1. First, let's write the balanced chemical equation for the combustion of methane:
CH4 + 2O2 -> CO2 + 2H2O
According to the balanced equation, for each mole of methane, we need 2 moles of oxygen to completely react.
To find the number of moles of methane, we can use the ideal gas law equation:
PV = nRT
Here, we know the pressure (0.961 atm), volume (29.0 L), temperature (140°C), and the gas constant (R = 0.0821 L⋅atm/mol⋅K). We can rearrange the equation to solve for the number of moles (n) of methane:
n = PV / RT
Substituting the values, we get:
n = (0.961 atm) * (29.0 L) / (0.0821 L⋅atm/mol⋅K * 413.15 K)
Calculate n to find the number of moles of methane in 29.0 L.
Once we have the number of moles of methane, we can use the stoichiometry of the balanced equation to determine the number of moles of each product. Since the balanced equation tells us that 1 mole of methane produces 1 mole of carbon dioxide (CO2) and 2 moles of water (H2O), we can convert the moles of methane to moles of each product.
Finally, we can use the ideal gas law again to convert the moles of each product to volumes at the same temperature and pressure, using the formula:
V = nRT / P
Substitute the appropriate values to find the volume of each product.
2a. To determine the liters of air needed for complete combustion of octane vapor, C8H18, we can follow a similar process. First, you need to write the balanced chemical equation for the combustion of octane:
2C8H18 + 25O2 -> 16CO2 + 18H2O
According to the balanced equation, for each mole of octane, we need 25 moles of oxygen to completely react.

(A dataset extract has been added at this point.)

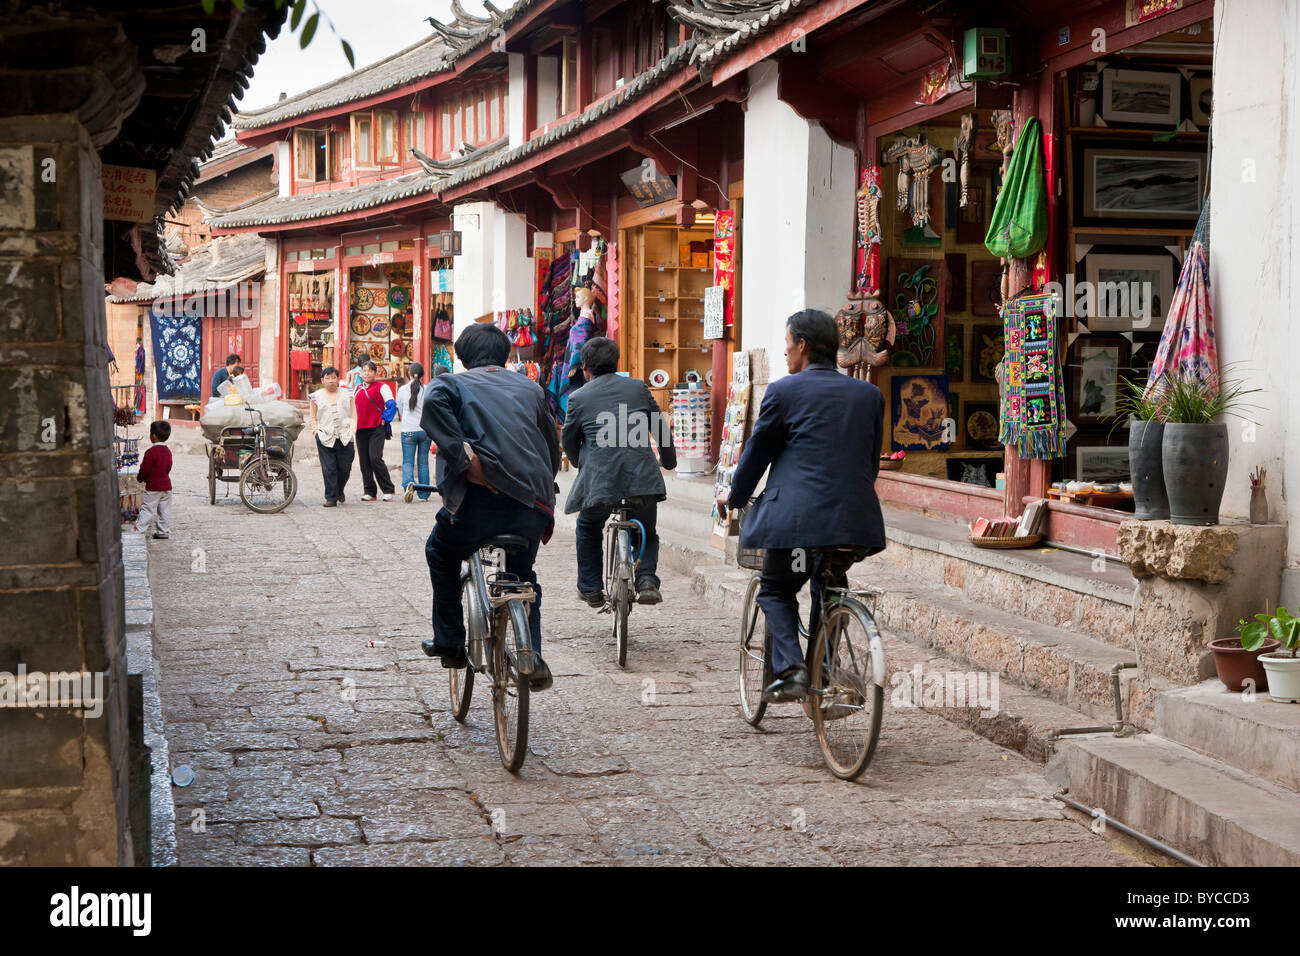 Tre uomini in bicicletta attraverso una stretta corsia pavimentata a Lijiang old town, nella provincia dello Yunnan in Cina. JMH4755 Foto Stock
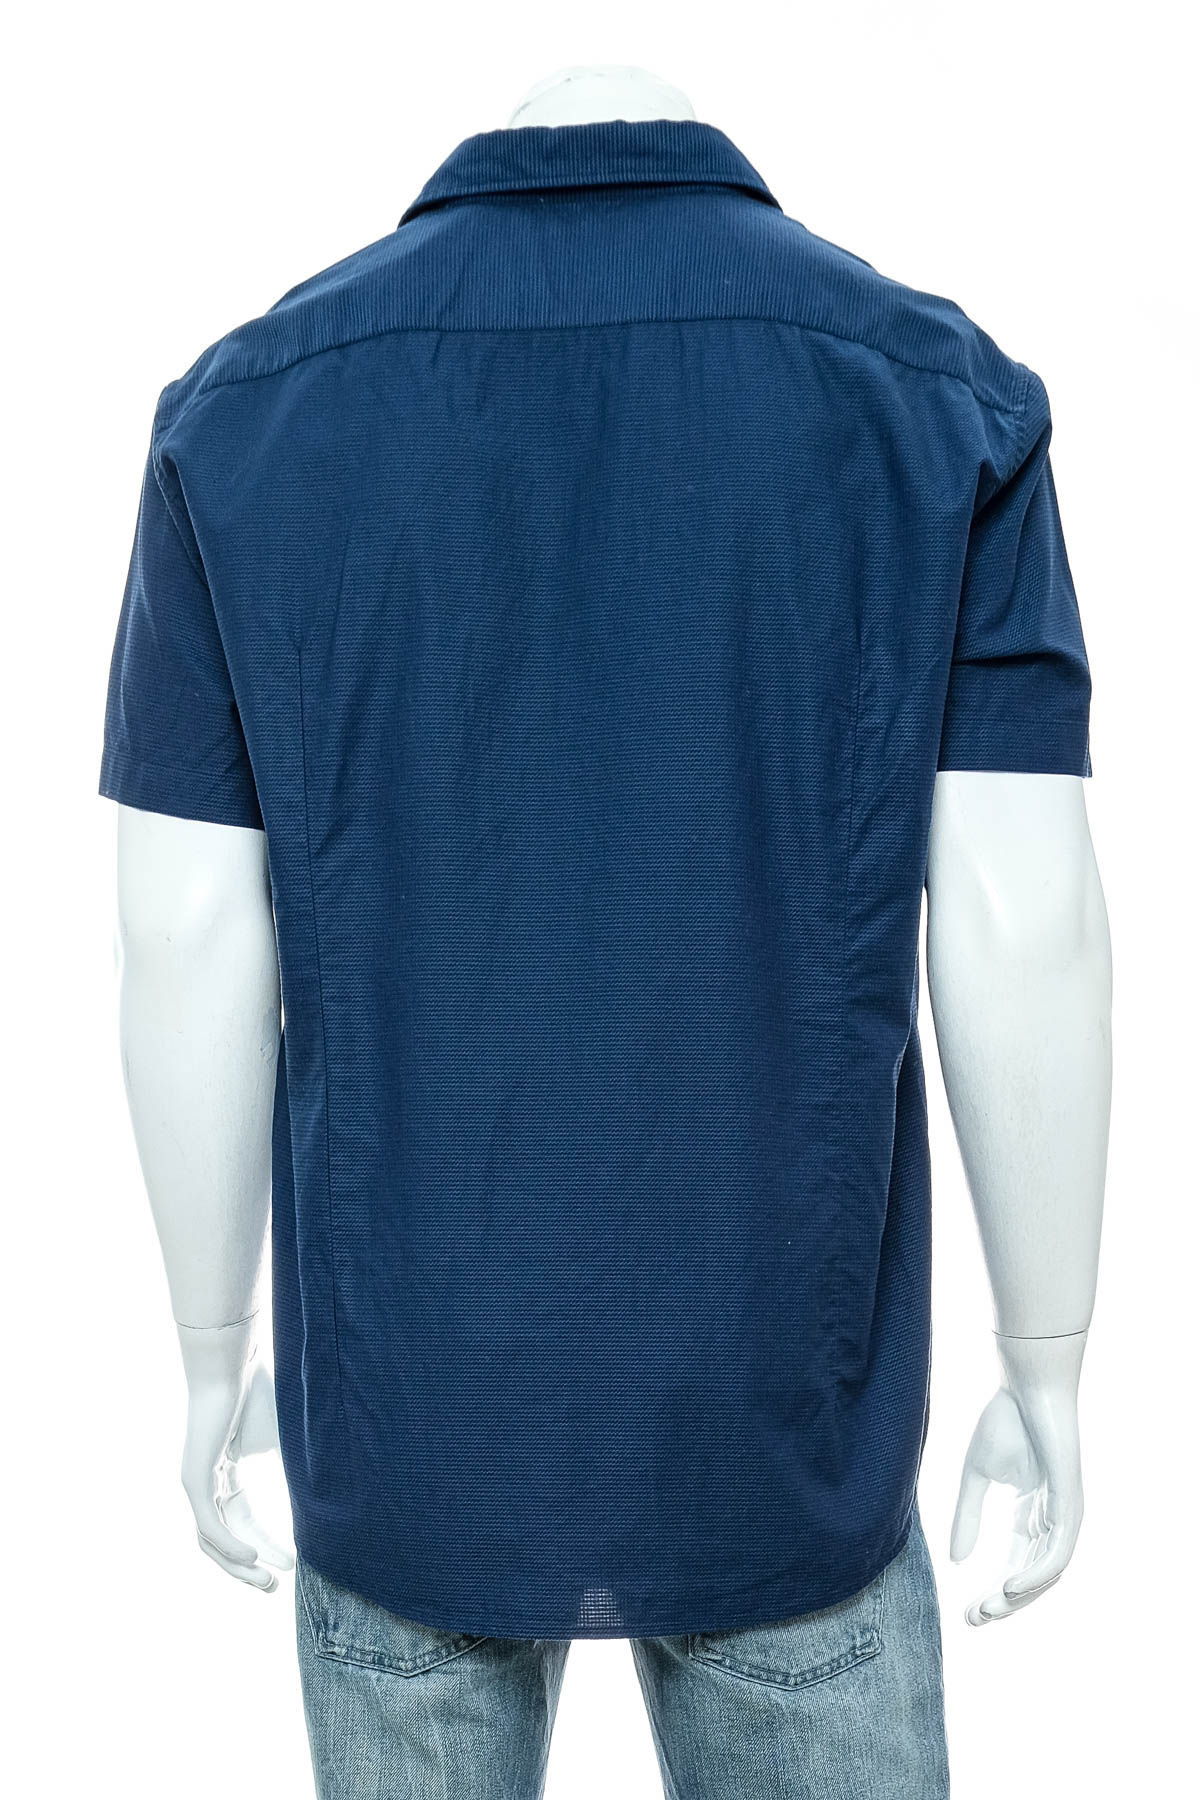 Ανδρικό πουκάμισο - HUGO BOSS - 1

To find the number of moles of octane, you'll need to know the volume of octane vapor in liters and then use the ideal gas law as shown in question 1.
Once you have the number of moles of octane, you can use the stoichiometry to determine the number of moles of each product, similar to question 1.
2b. To determine the volume of each product produced, you can use the ideal gas law equation (V = nRT / P) once again. Convert the moles of each product to volumes at the same temperature and pressure.
3a. To determine which reactant is present in excess, we first need to find the number of moles of each reactant. Use the ideal gas law equation (PV = nRT) for both carbon monoxide (CO) and hydrogen (H2) gases. Convert the given volumes to moles using the balanced equation's cooefficients.
After finding the number of moles of each reactant, compare the two values to see which reactant is in excess. The reactant with a larger number of moles is present in excess.
3b. To find out how much of the excess reactant remains after the reaction, you'll need to use the stoichiometry of the balanced equation. Use the mole ratio between the excess reactant and the product (methanol, CH3OH) to determine the number of moles of the excess reactant consumed. Subtract this amount from the initial number of moles to find the remaining moles of the excess reactant.
3c. Finally, to determine the volume of methanol produced, you can use the ideal gas law equation (V = nRT / P) with the number of moles of methanol obtained from the stoichiometry calculation. Convert moles to volume using the given pressure and temperature.